The movie is aesthetically gorgeous. It’s brilliantly animated, with the animators adding distinctive ticks and nuances that breathe life into and add a unique spirit to each character. Two years of effort went into developing the project, with 54 handcrafted puppets and 60 sets being designed to achieve a superb result. The puppets were filmed frame by frame and slightly repositioned between takes to give a stunning appearance of dynamism and realism to their movements.
My Life as a Courgette has a simple story, but Barre adapts Paris’s novel into an engaging and optimistic tale that perhaps, paradoxically, is about childhood abuse. When Courgette meets other children in the orphanage, they muse on why some of them are there – with drugs, disability, deportation, imprisonment and sexual abuse being some of the reasons. The director could have turned this into a melancholic indictment of child social care to highlight how awful some institutions can be; but he doesn’t depict the orphanage as a place of abuse, but rather as one of “reassurance and recovery”. Thematically, this means the film has dark elements, but also provides genuinely hilarious moments and touching portrayals of childhood innocence and wonder. And it does this without being too overbearing or saccharine.
This animation is available in both subtitled and dubbed versions and its key strengths are the power of the source material and writer Celine Sciamma’s adaptation, which boasts fantastic dialogue that captures the naivety and curiosity of youth. The French language cast deliver superb performances that add warmth and depth to each character.

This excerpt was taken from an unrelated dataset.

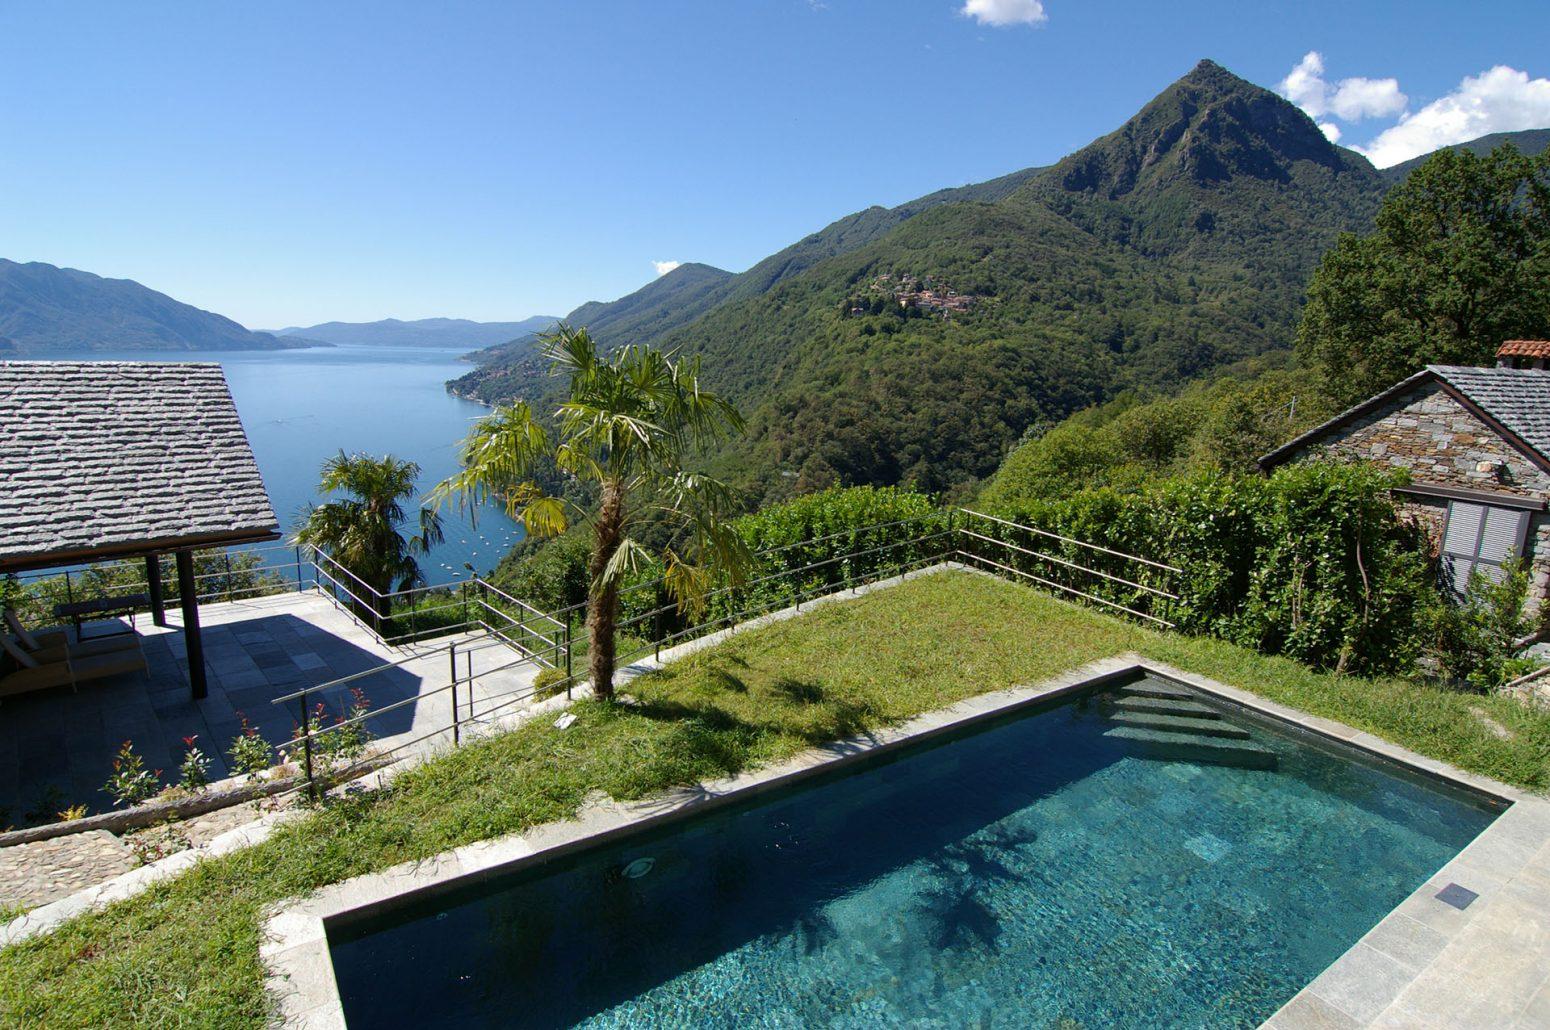 piscine verbano - anima di pietra (3)
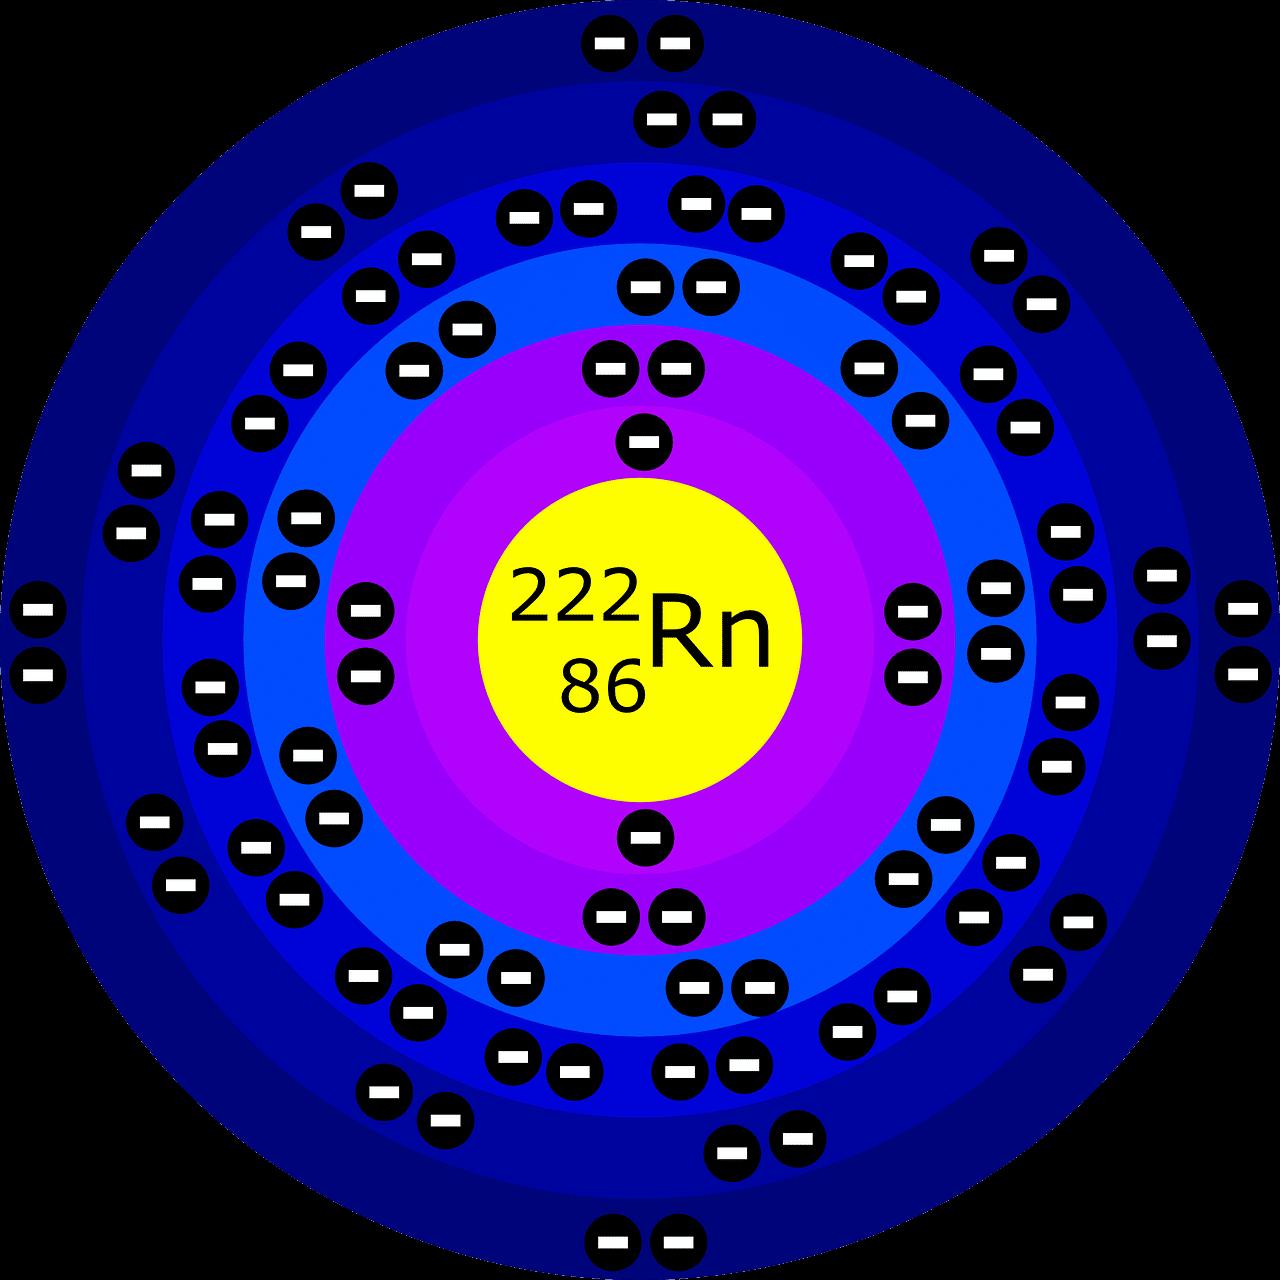 Le fluttuazioni dimostrano che il decadimento del Radioisotopo non è affidabile

Barre’s movie doesn’t aim to be preachy and not every character receives a happy ending – although this is up for interpretation. But, fundamentally, this is a story about love and making the most of a dire situation. Already Oscar nominated for Best Animated Feature Film, My Life as a Courgette truly deserves the critical acclaim it has received.
Mark Mukasa
My Life as a Courgette is released nationwide on 2nd June 2017.